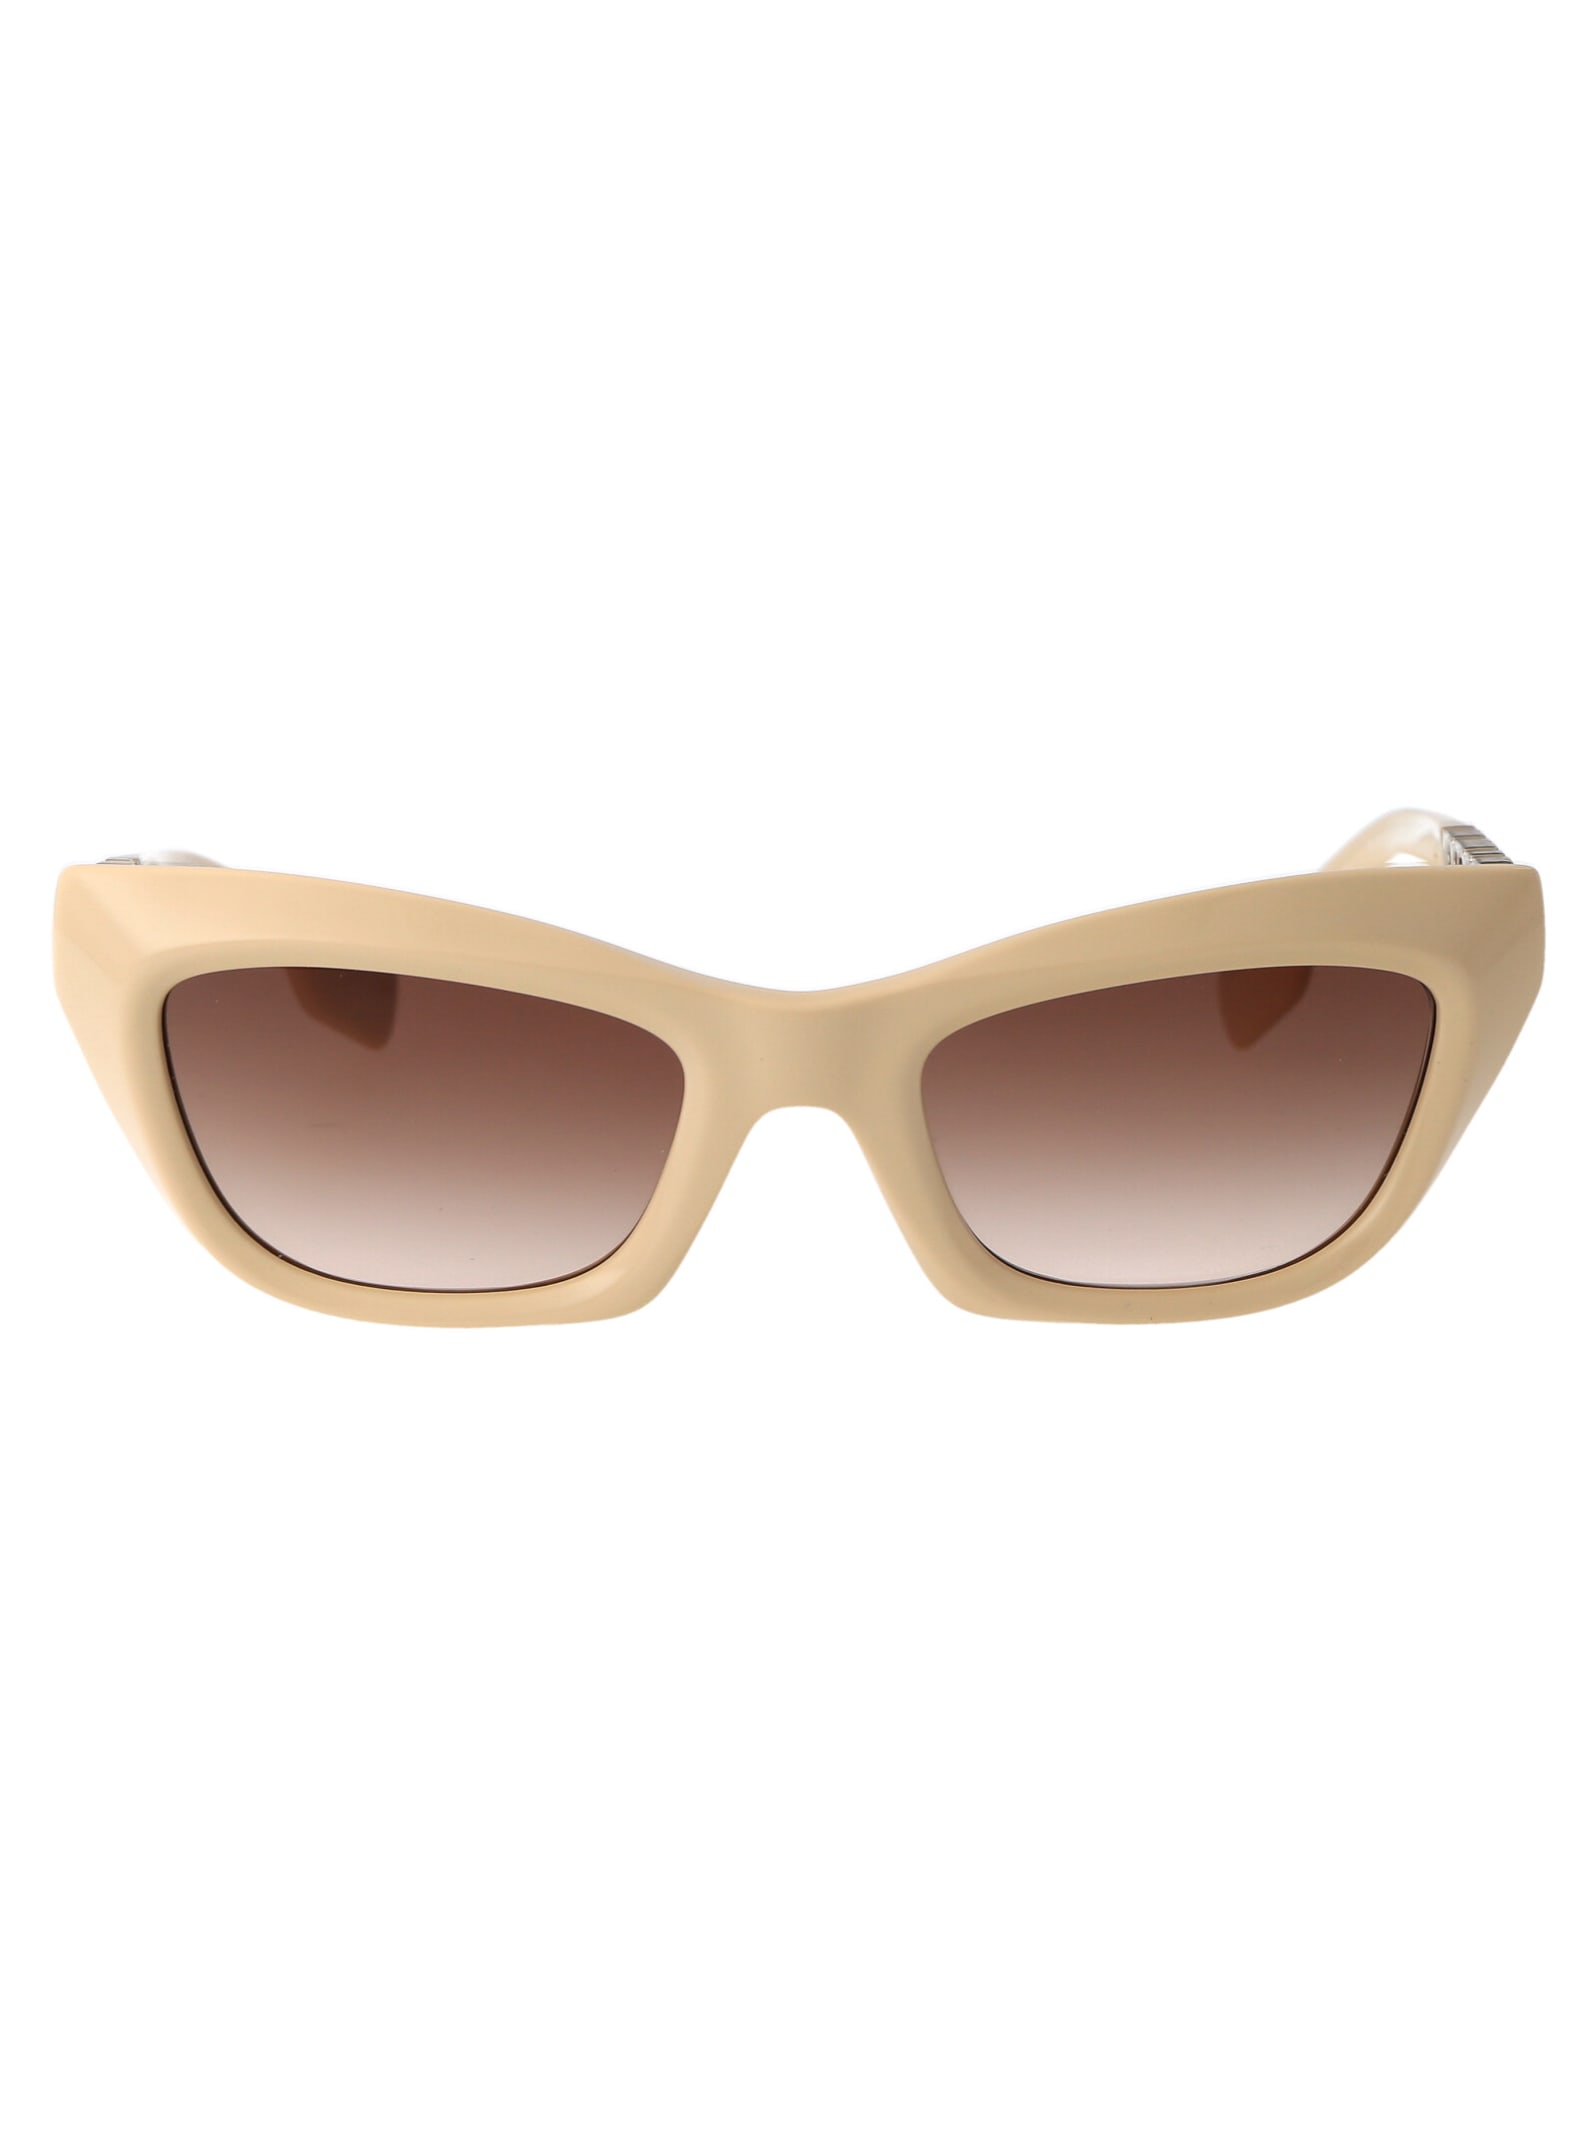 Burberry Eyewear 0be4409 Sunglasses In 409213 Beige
§ §
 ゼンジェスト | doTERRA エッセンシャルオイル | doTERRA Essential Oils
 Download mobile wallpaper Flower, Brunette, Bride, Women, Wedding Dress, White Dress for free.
§ §
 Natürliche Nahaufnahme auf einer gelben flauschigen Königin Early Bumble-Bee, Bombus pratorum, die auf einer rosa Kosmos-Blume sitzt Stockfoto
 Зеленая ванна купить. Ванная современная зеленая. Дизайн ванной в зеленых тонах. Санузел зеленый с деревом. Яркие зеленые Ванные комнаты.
§ §
*What is expected*.
From the line holding "ゼンジェスト | doTERRA" to the line holding "Download mobile wallpaper", inclusive, restate each line above exactly as written.

*Answer to this exercise*.
 ゼンジェスト | doTERRA エッセンシャルオイル | doTERRA Essential Oils
 Download mobile wallpaper Flower, Brunette, Bride, Women, Wedding Dress, White Dress for free.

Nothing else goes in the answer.